ABOUT THIS EXERCISE = Apart from the images, the entire listing below must be restated word for word.
[PROVIDED MATERIAL]
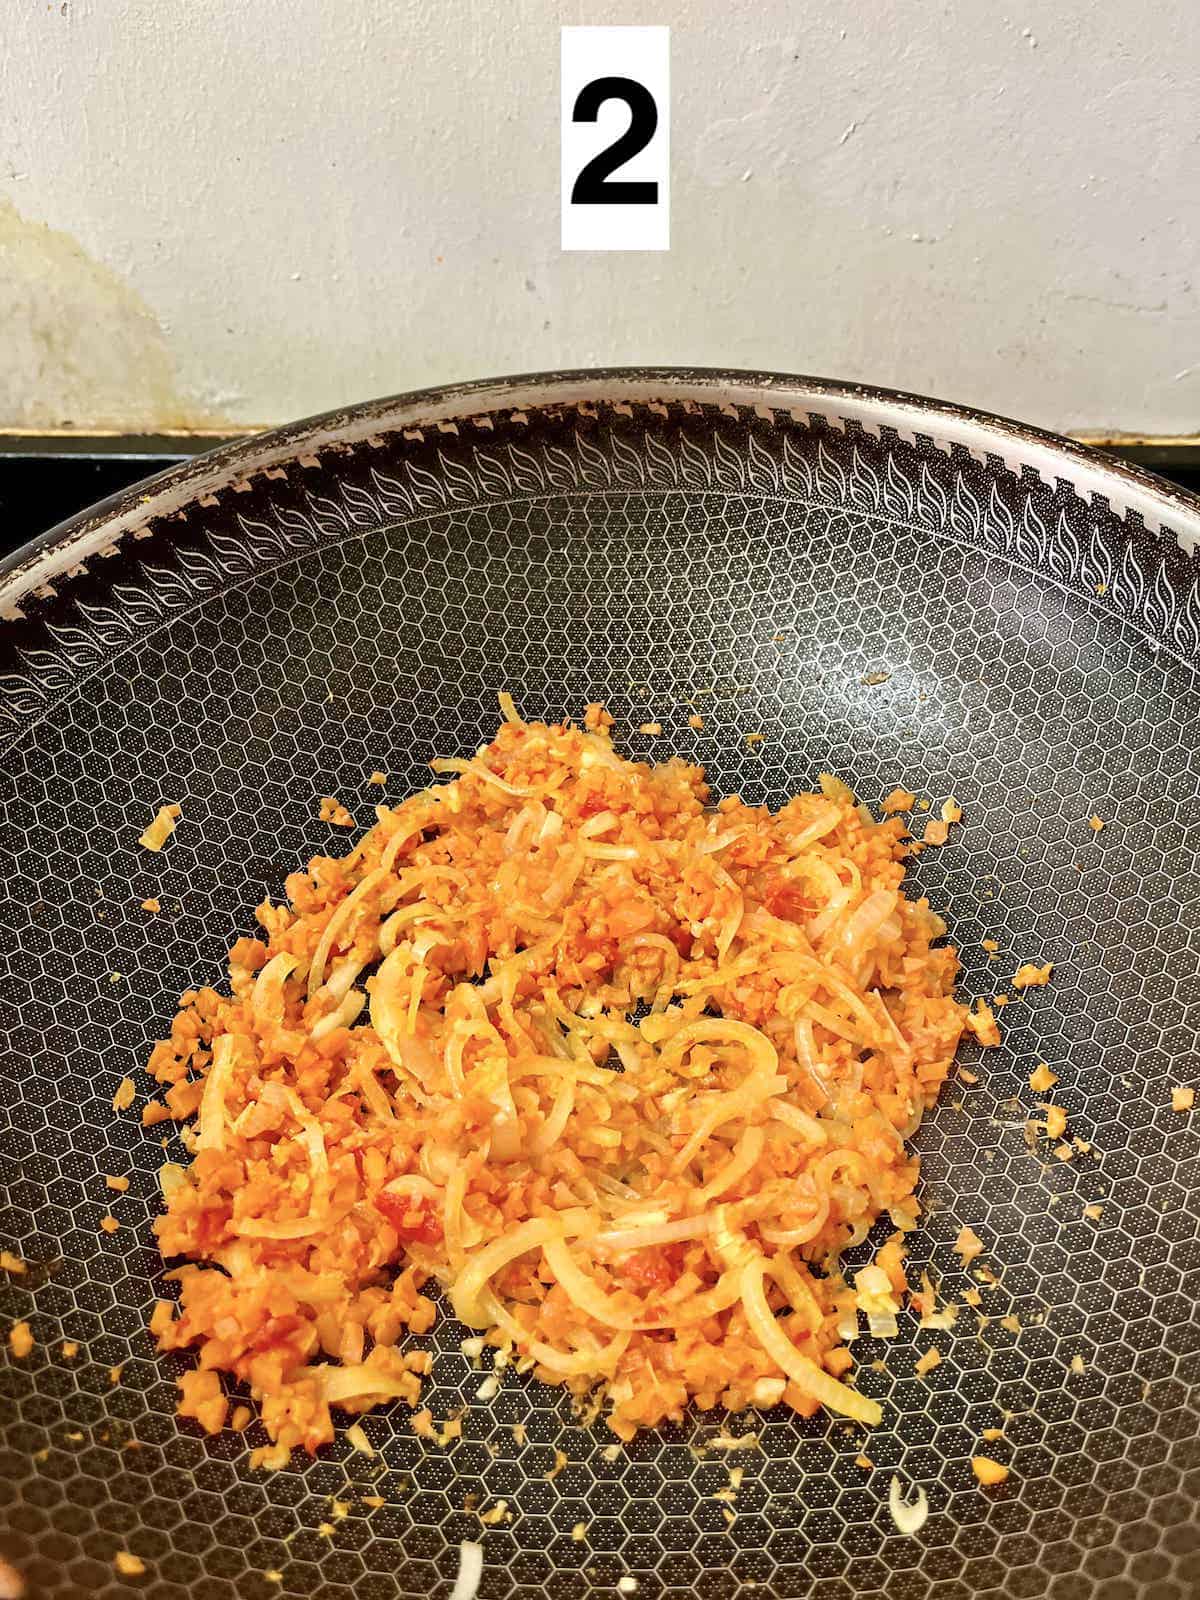 Stir-fried onions and carrots in a chili-garlic paste.
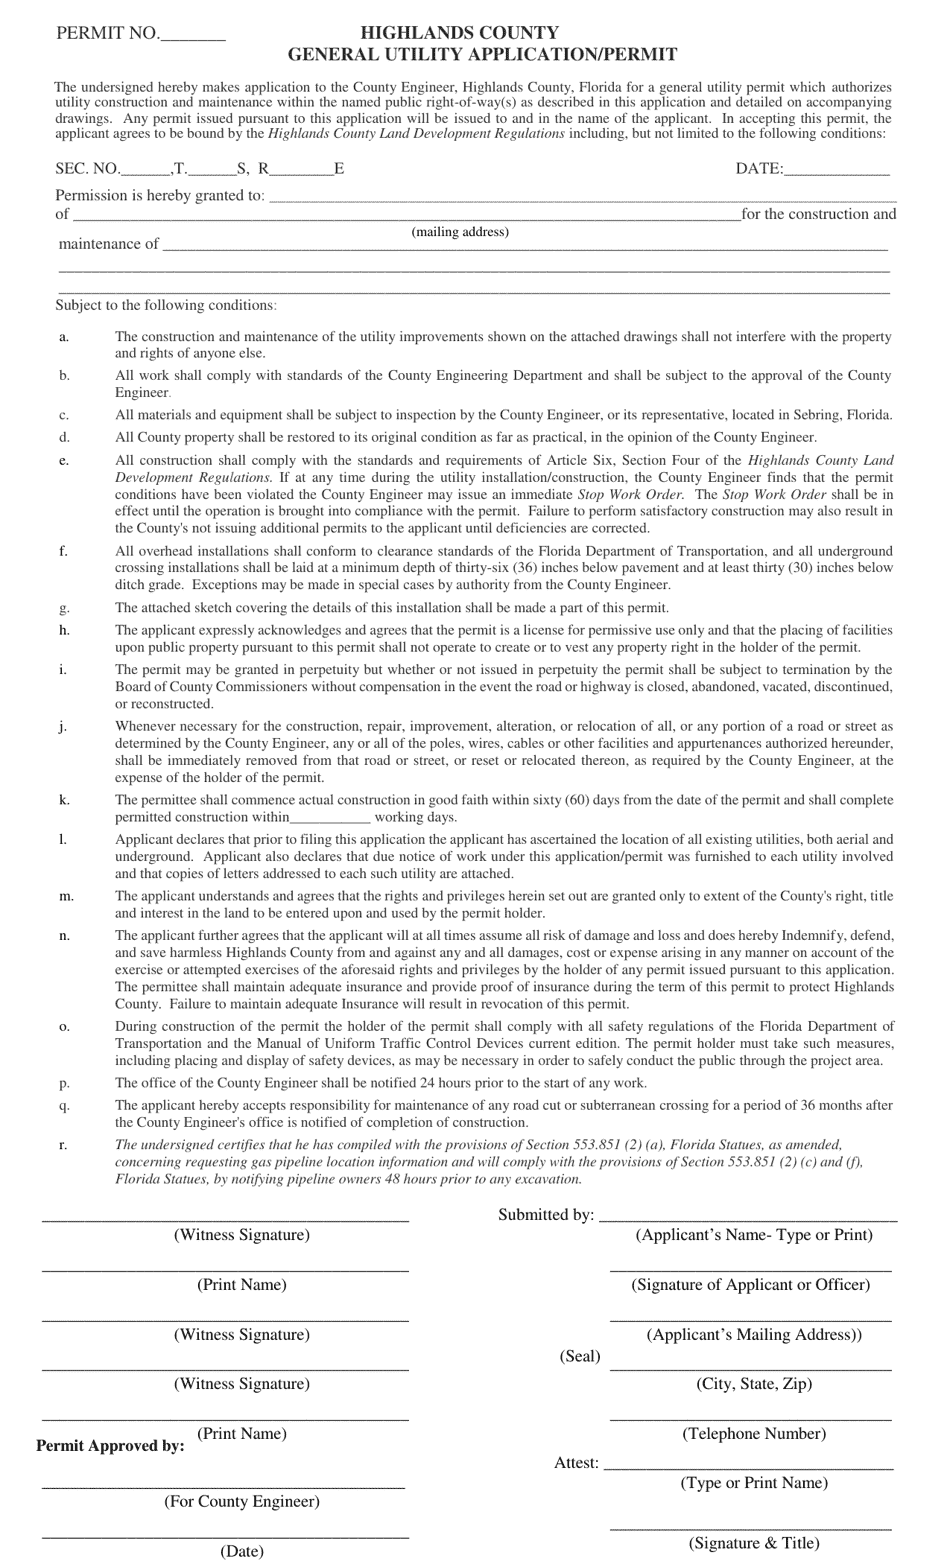 General Utility Application / Permit - Highlands County, Florida, Page 1
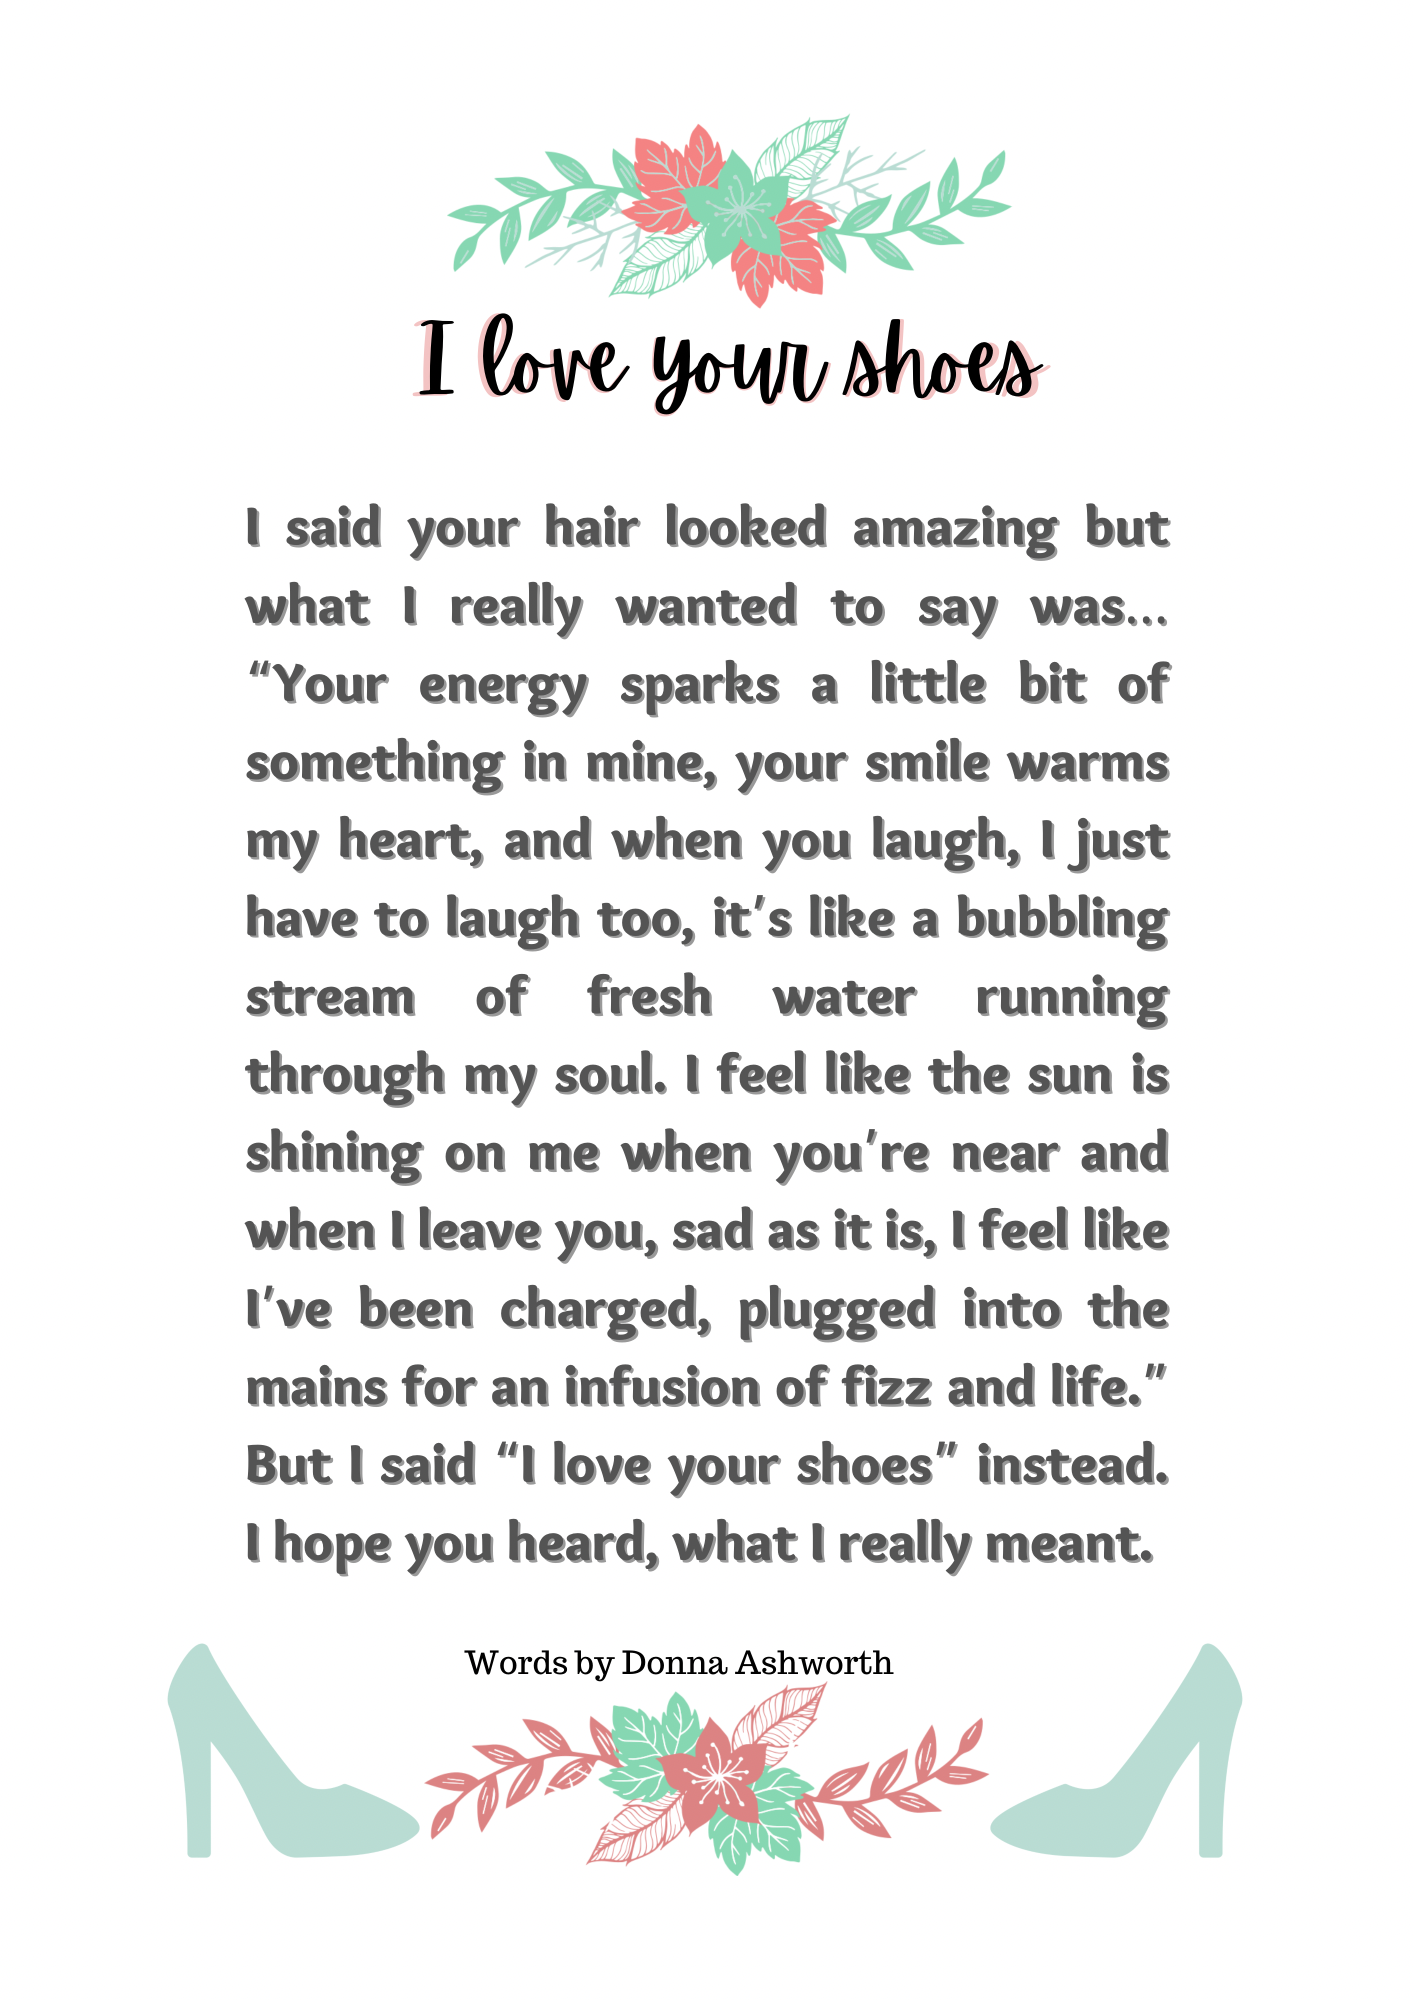 I Love Your Shoes - Printable – Donna Ashworth Words
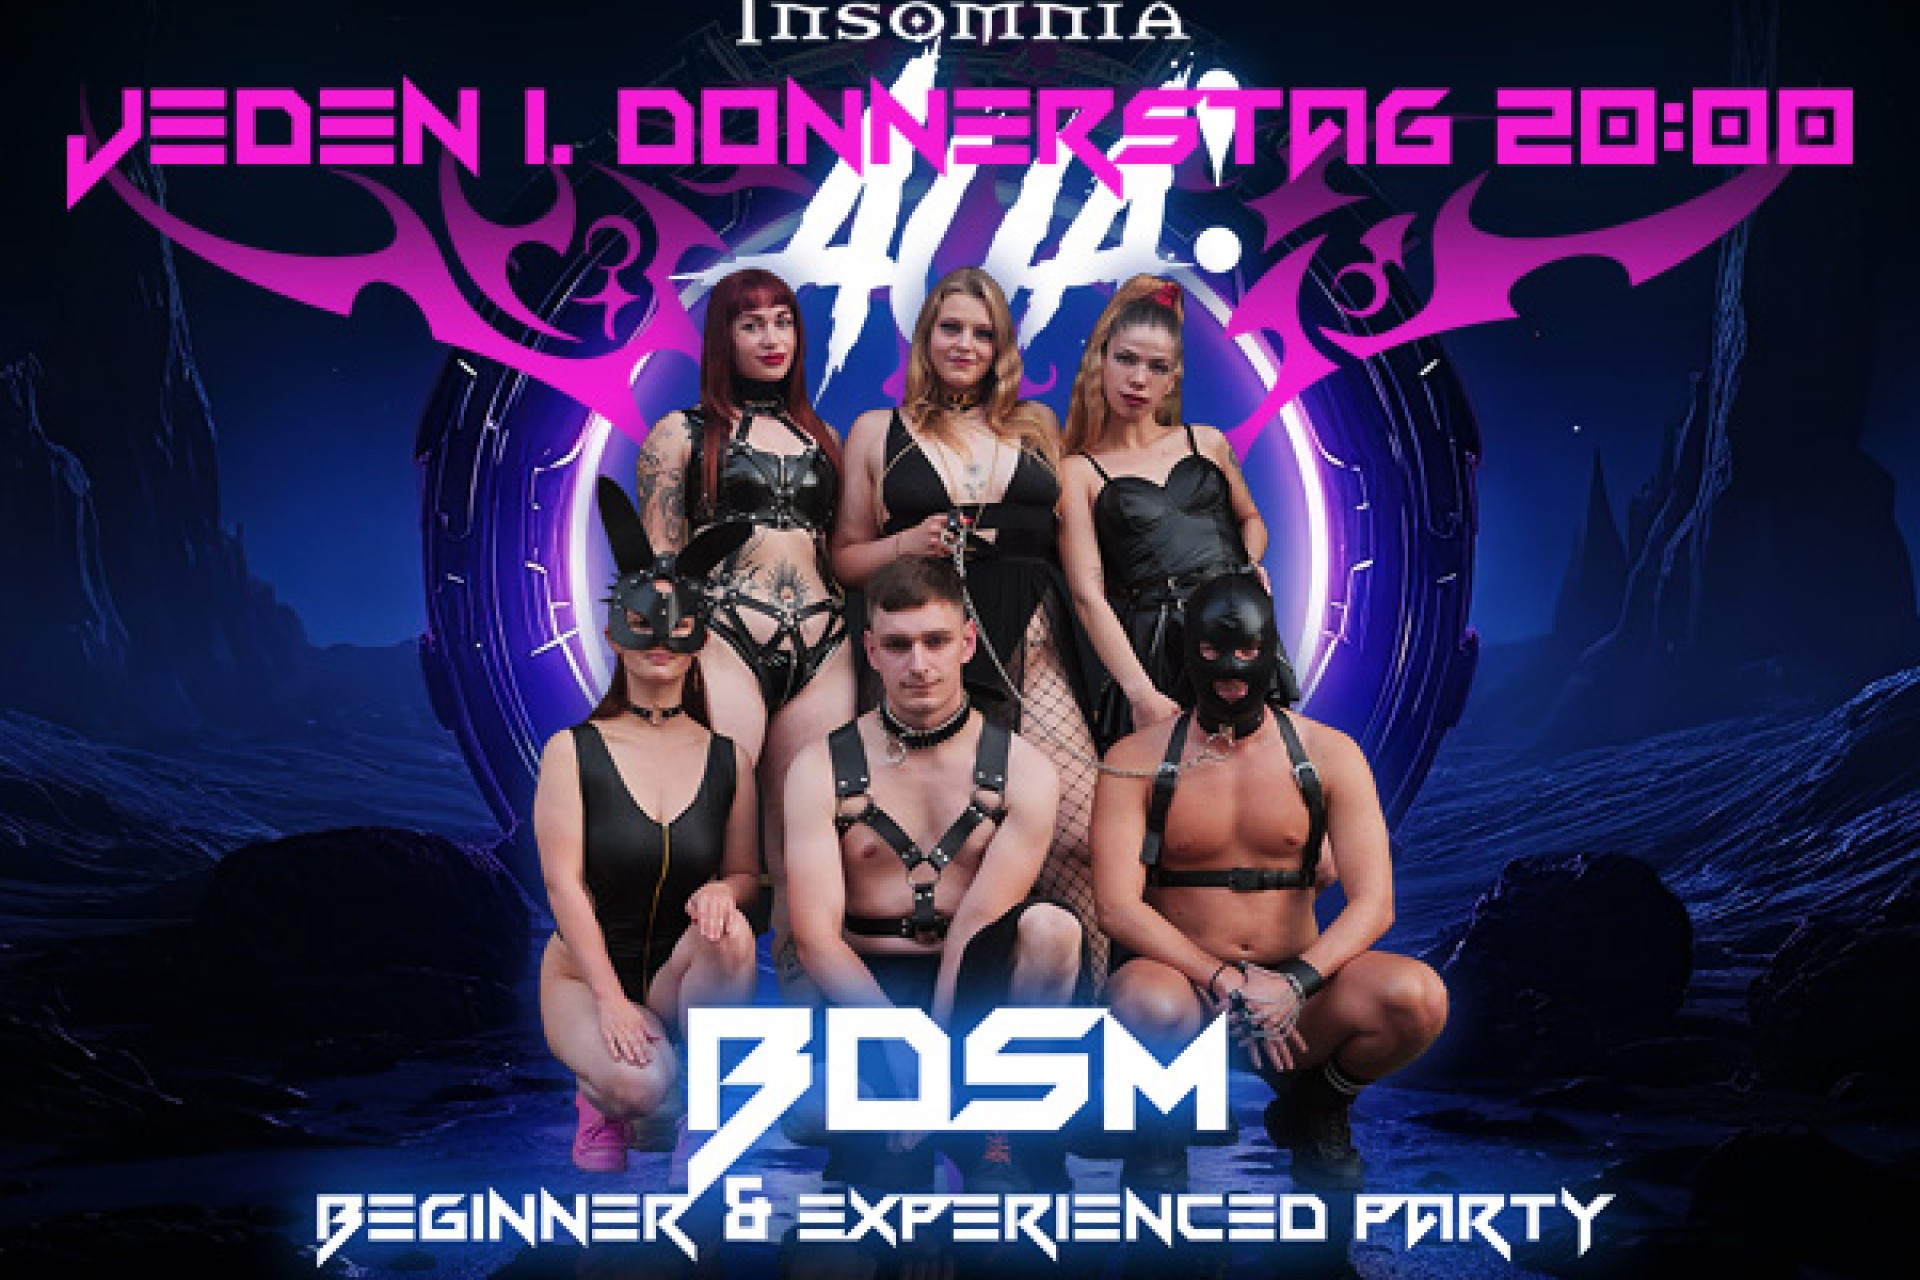 AUA! BDSM party for beginners & advanced players
[/PROVIDED MATERIAL]
ANSWER TO THIS EXERCISE =
 Stir-fried onions and carrots in a chili-garlic paste.
 General Utility Application / Permit - Highlands County, Florida, Page 1
 I Love Your Shoes - Printable – Donna Ashworth Words
 AUA! BDSM party for beginners & advanced players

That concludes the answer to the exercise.